Note. Voracity enabled telemetry simulation of communications.
As the Internet of Things (IoT), sensors, and cyber assets are used to collect data (e.g., temperature, speed, cyber) increases, the network telemetry (Sivanathan et al., 2020 ) traffic increases. Managing these devices, such as cameras, GPS, and location information, is highly complex, expensive, and challenging. One of the challenges in analyzing streaming data is selecting the proper machine learning (ML) algorithm (e.g., anomaly detection) to characterize the behavior.
Note. Voracity measurement of body activity and muscle groups .
The interaction between machines and humans in a competitive environment requires trust. In the science of autonomous human-machine systems, rational decisions are made in normal environments but not in uncertain dynamic environments (Lawless, 2022). Trusting your gear in dynamic environments impacts human performance along with physical training.
As the threat landscape increases, the resilience of computer systems that need protection increases. To test the resilience of computer systems on a drone, the Department of Homeland Security (DHS) conducted a successful cyber spoofing attack, resulting in the hijacking of the drone (Rao et al., 2016). This test challenged the navigational systems (e.g., GPS) onboard the mobile aerial platform from jamming attacks to telemetry.
Technology resources can fill the gap as the threat landscape continues to increase. Generative AI has the capability to enhance threat intelligence and cyber security knowledge so organizations can quickly identify threats. Generative AI technology provides decision support systems with the capability to automatically identify threats by malicious actors (Saddi et al., 2024).
References
Budnitz, H., Jaskólski, M., Knapskog, M., Lis-Plesińska, A., Schmidt, F., Szymanowski, R., ... & Schwanen, T. (2025). Multi-level governance and modal thinking: tensions in electric mobility transitions in European cities. Transport Policy, 160, 63-72. https://doi.org/10.1016/j.tranpol.2024.10.035
Lawless, W. F. (2022). Interdependent autonomous human–machine systems: The complementarity of fitness, vulnerability and evolution. Entropy, 24(9), 1308. https://doi.org/10.3390/e24091308
Rao, B., Gopi, A. G., & Maione, R. (2016). The societal impact of commercial drones. Technology in society, 45, 83-90. https://doi.org/10.1016/j.techsoc.2016.02.009
Rui, Z., Ouyang, X., Zeng, F., & Xu, X. (2022). Blind Estimation of GPS M‐Code Signals under Noncooperative Conditions. Wireless Communications and Mobile Computing, 2022(1), 6597297.

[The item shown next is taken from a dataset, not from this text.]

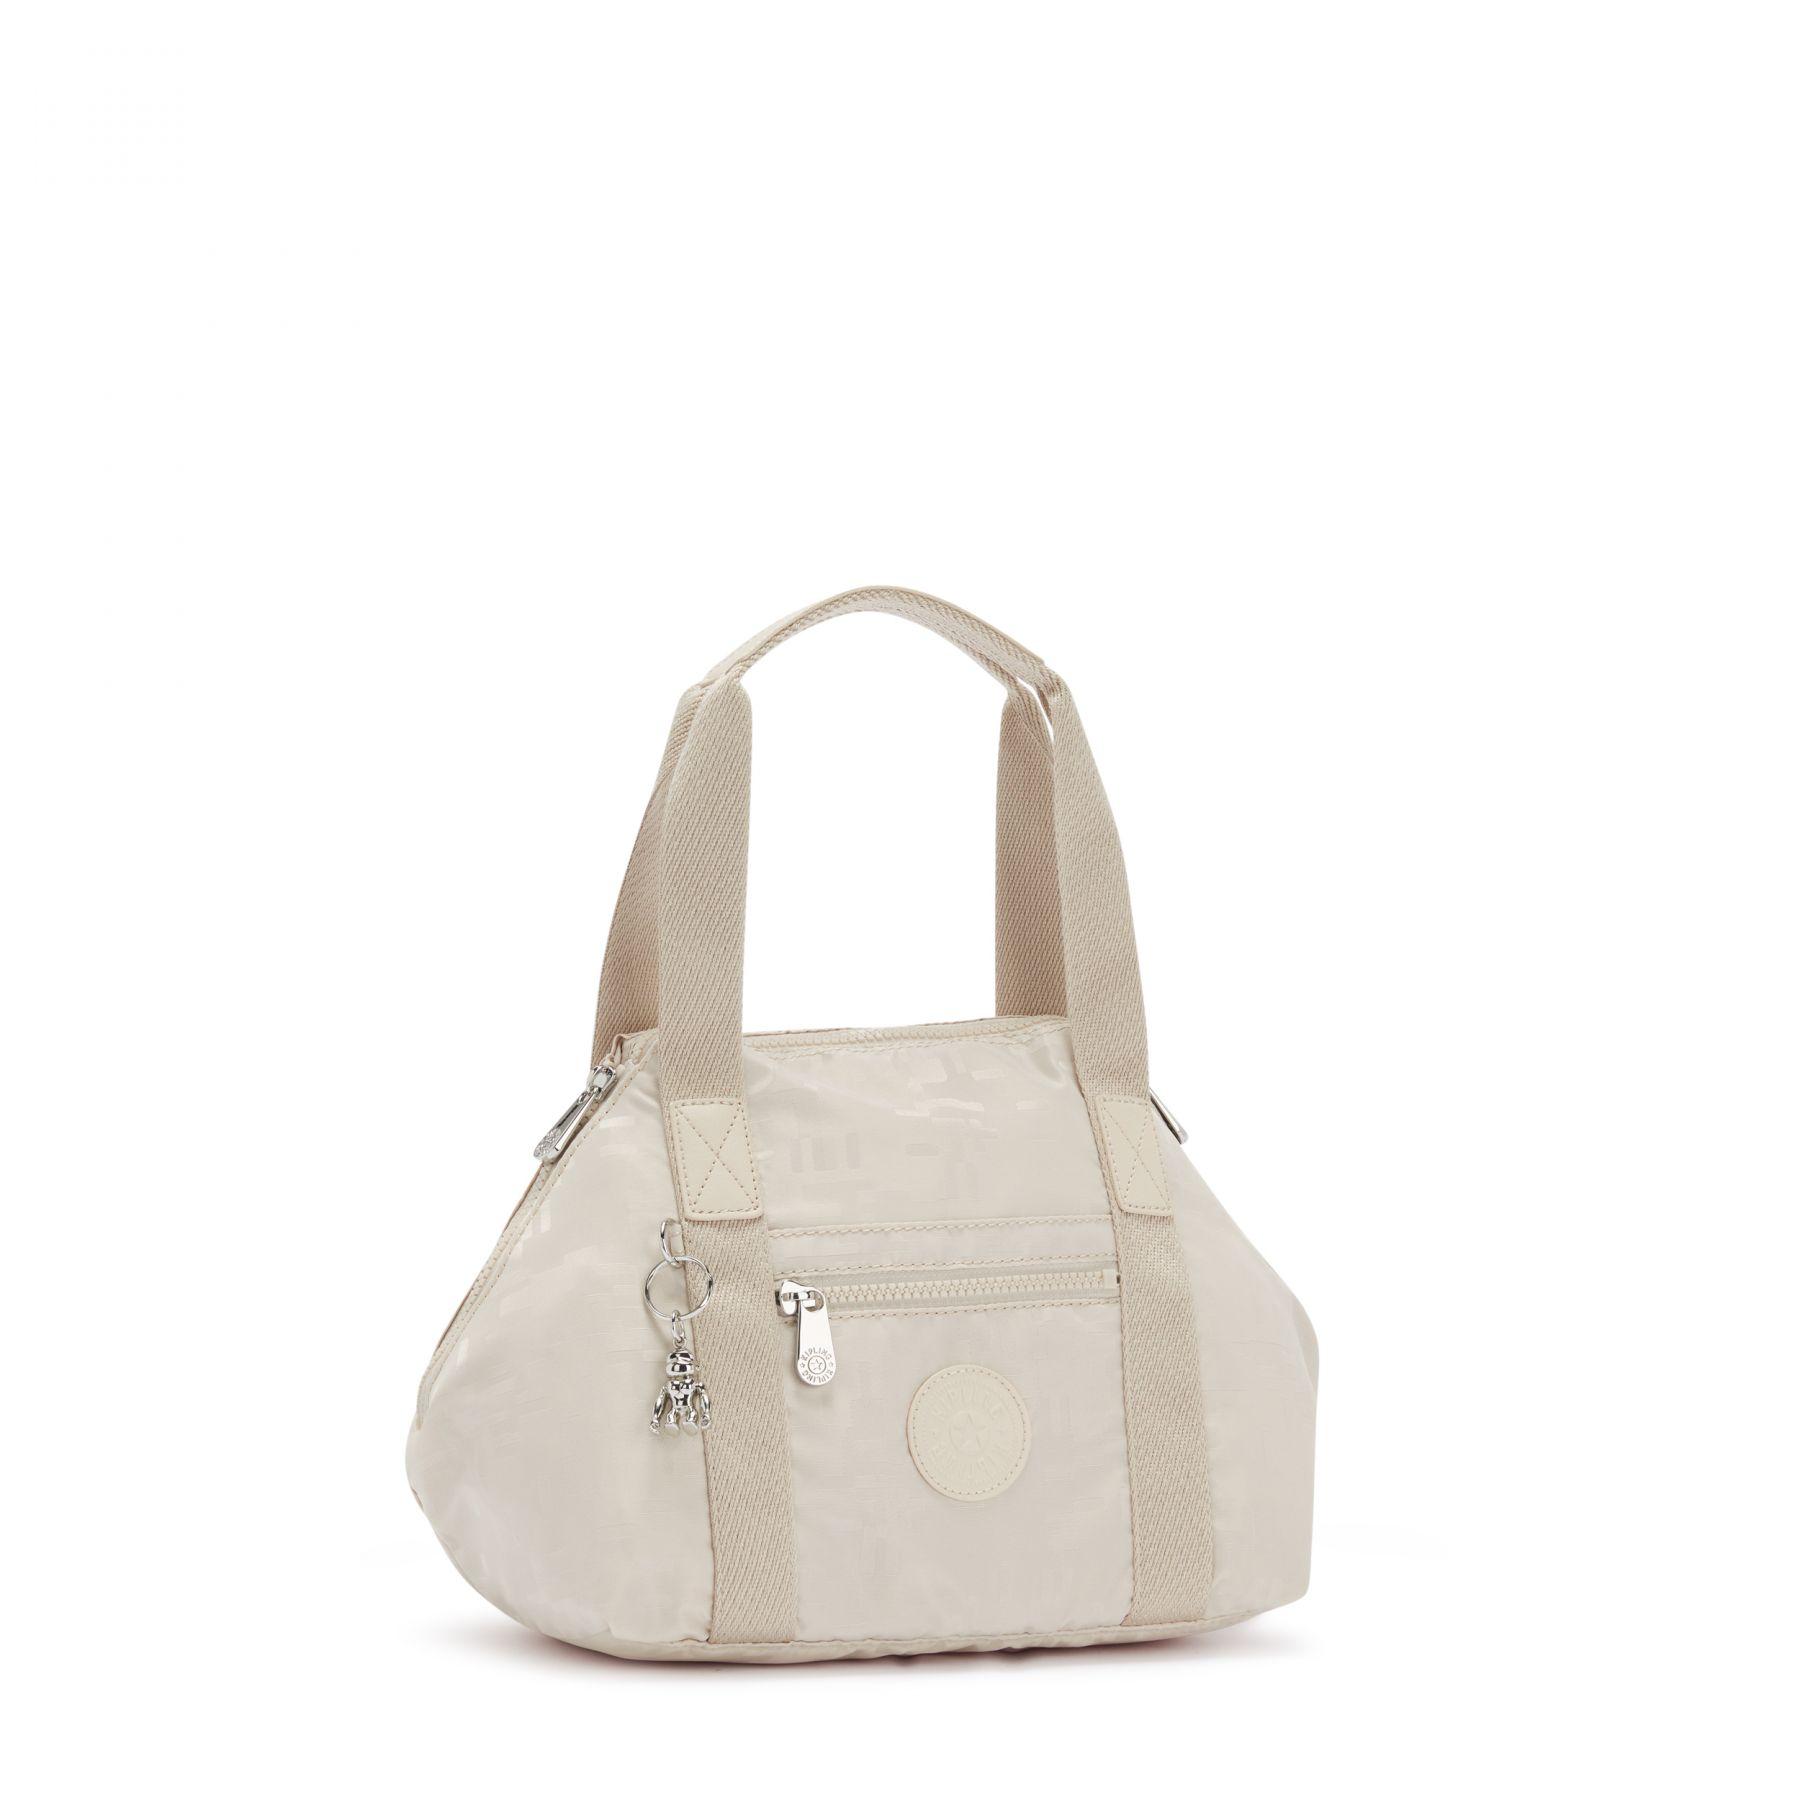 ART MINI BAGS by Kipling

Saddi, V. R., Gopal, S. K., Mohammed, A. S., Dhanasekaran, S., & Naruka, M. S. (2024, March). Examine the role of generative AI in enhancing threat intelligence and cyber security measures. In 2024 2nd International Conference on Disruptive Technologies (ICDT) (pp. 537-542). IEEE. https://doi.org/10.1109/icdt61202.2024.10489766
Sivanathan, A., Gharakheili, H. H., & Sivaraman, V. (2020). Managing IoT cyber-security using programmable telemetry and machine learning. IEEE Transactions on Network and Service Management, 17(1), 60-74. https://doi.org/10.1109/aisc56616.2023.10085343
Su, A. Y. (2024). Relationship of Cyber Threat Intelligence and Critical Infrastructure Assets on Information Technology Critical Infrastructure Attacks (Doctoral dissertation, Walden University).